The Walt Disney Company (DIS) announced on Nov. 12, 2020 that it is continuing the suspension of its semi-annual cash dividend. Investors did not receive a dividend in July 2020 and will not get a cash payout in January 2021 either. The company's board of directors attributed its decision to "the ongoing impact of COVID-19 and the Company's decision to prioritize investment in its direct-to-consumer initiatives."
- Disney will not pay its usual semi-annual dividend in January 2021.
- The semi-annual dividend normally paid in July also was omitted.
- The company cites COVID-19 and investment imperatives as reasons.
- Acquisitions have added significantly to debt.
Significance for Investors
If the previous annual cash dividend of $1.76 (two times $0.88) per common share had been maintained, the annualized dividend yield on Disney's common stock would have been 1.22% as of the market close on Nov. 16, 2020, given a share price of $144.67 at the close. By comparison, the dividend yield on the entire S&P 500 Index was 1.70% as of Nov. 13, 2020, the latest available weekly calculation.
Disney already was less than attractive to income-oriented investors, given its below-average yield, as noted above. Needless to say, the continued suspension of the dividend has reduced its appeal to such investors even more.

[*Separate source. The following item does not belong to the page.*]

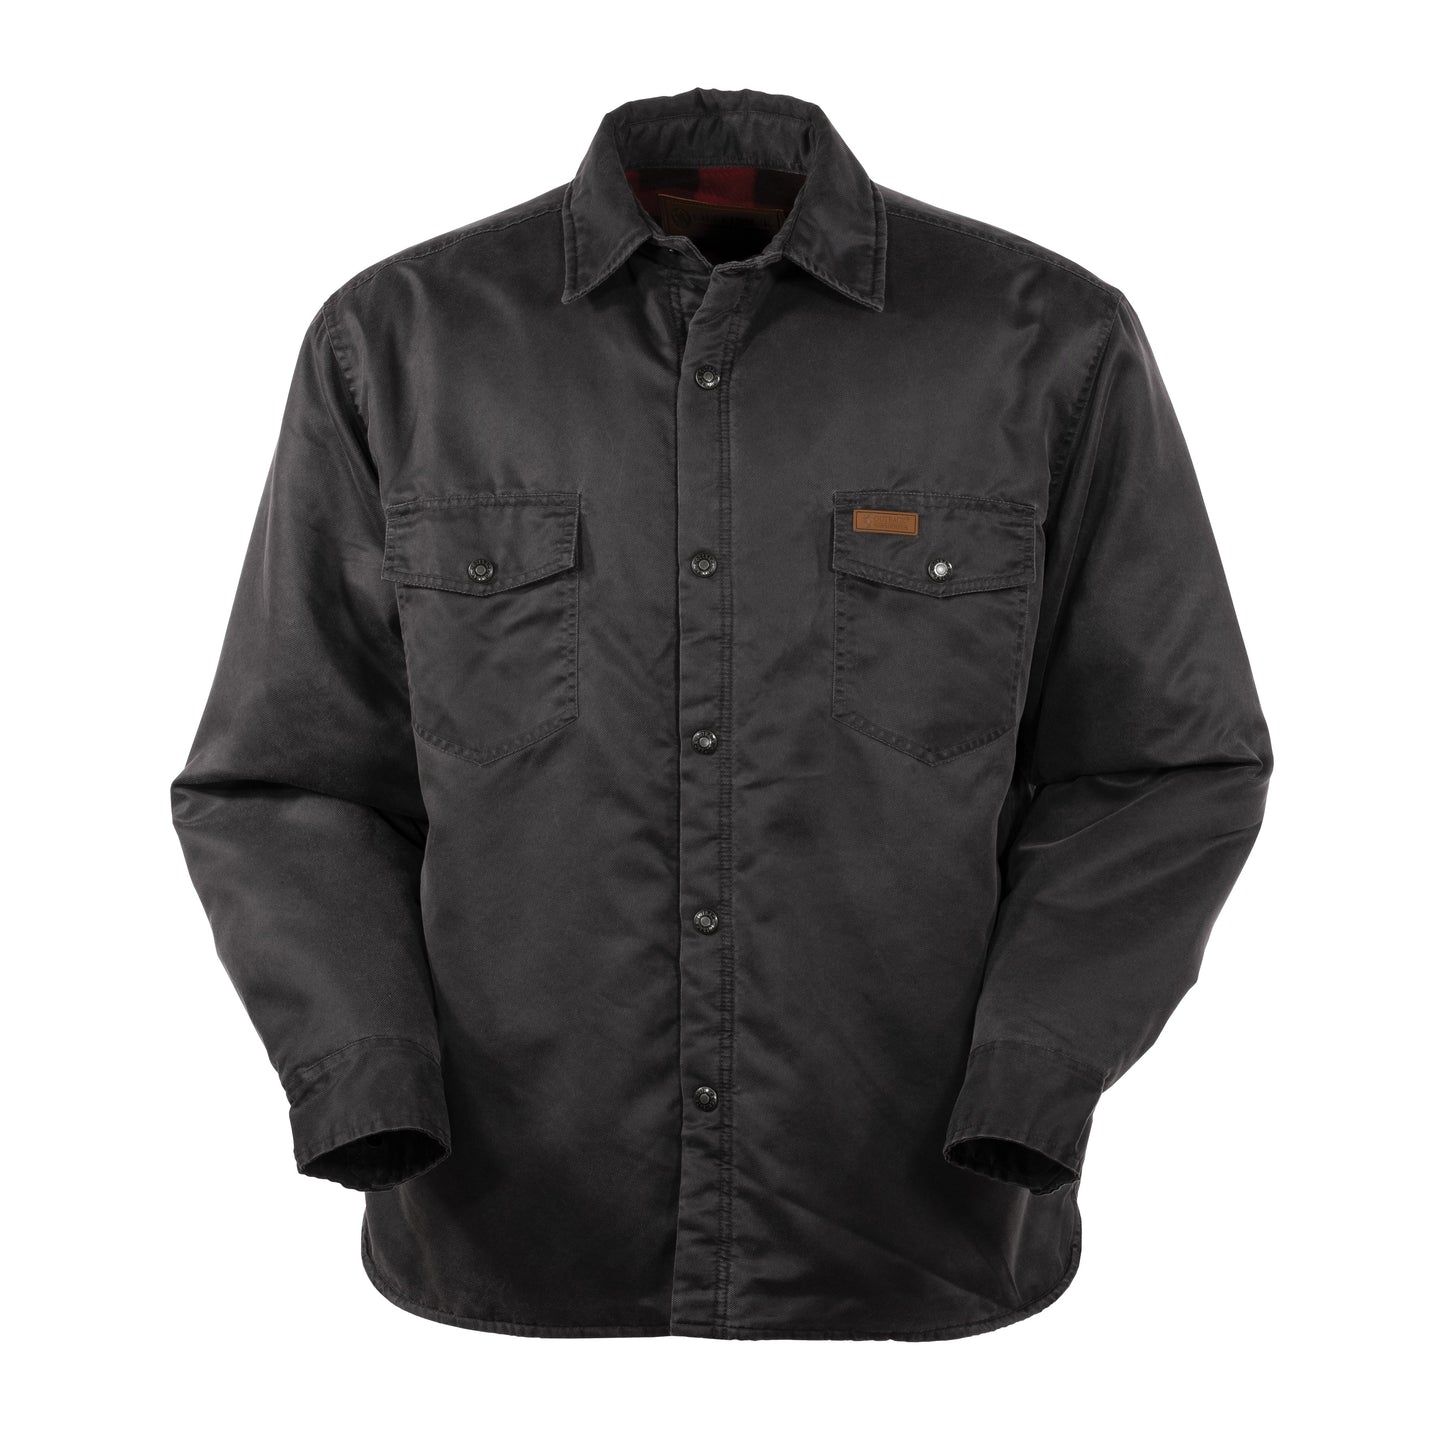 Outback Trading Company® Men's Loxton Iron Jacket 2875-IRN
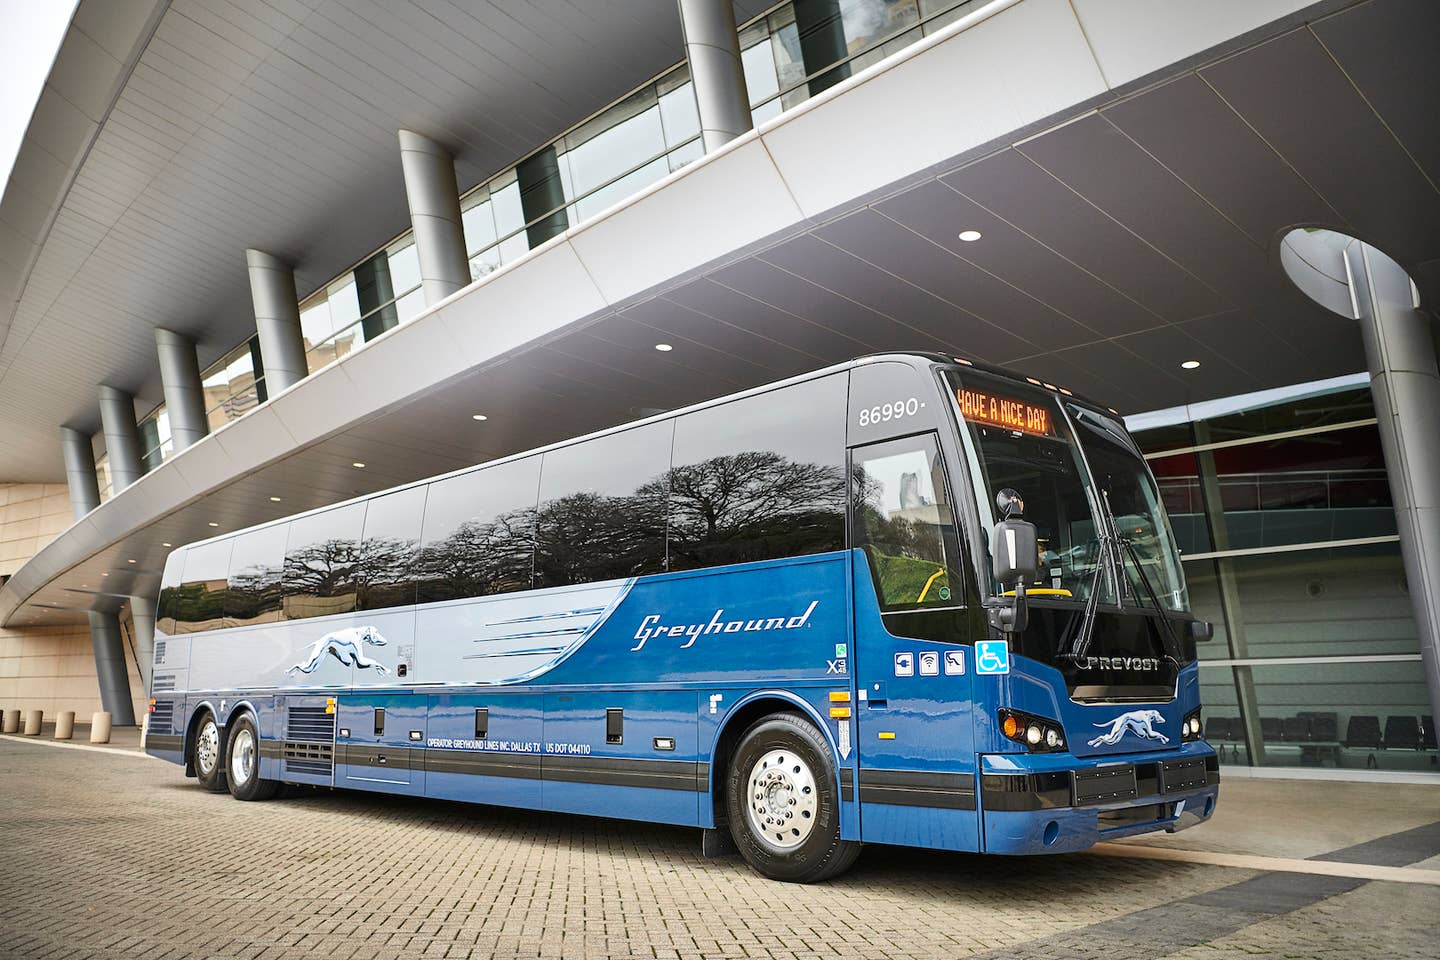 A Greyhound coach bus at a modern terminal

On the other hand, the company has delivered handsome capital appreciation during the past decade, rising by more than 400% from about $28 per share. Much of this stock price appreciation has been fueled by successful acquisitions. Indeed, part of the rationale for suspending the dividend, as noted above in the directors' statement, is to deploy cash in yet more investments.
Expanding Media Empire
Disney remains best-known among the general public for movies and television programs, both animated and live-action, aimed at younger children. However its media empire extends far beyond that niche, including, among many others, the National Geographic Channel, ESPN, Pixar, Marvel Studios, and Lucasfilm. In the words of one report, "Disney is now one of the largest media companies in the world, and very likely the most influential."
High Acquisition and Development Costs
Disney finalized its purchase of 21st Century Fox in 2019, at a final cost of $71 billion. Acquiring the "Star Wars" franchise from Lucasfilm cost about $4 billion.
The leading direct-to-consumer initiative for the company right now is the new Disney+ platform. Costing more than $3 billion in development and content costs (not including acquisitions such as Fox and Lucasfilm), Disney+ is designed to compete in the video streaming market with major players such as Netflix, Inc. (NFLX) and Amazon.com, Inc. (AMZN). Meanwhile, Disney also owns 100% of streaming service Hulu.
The Bottom Line
Given that Disney has over 1.8 billion shares outstanding, each semi-annual dividend payment would have consumed nearly $1.6 billion of cash, at $0.88 per share. Meanwhile, Disney's long term debt has soared from $38.1 billion to $52.9 billion from Sept. 28, 2019, to Oct. 3, 2020. Servicing this debt load, plus continuing to invest in content and technology, means that Disney probably will prioritize these uses of cash ahead of restoring the dividend for some time into the future.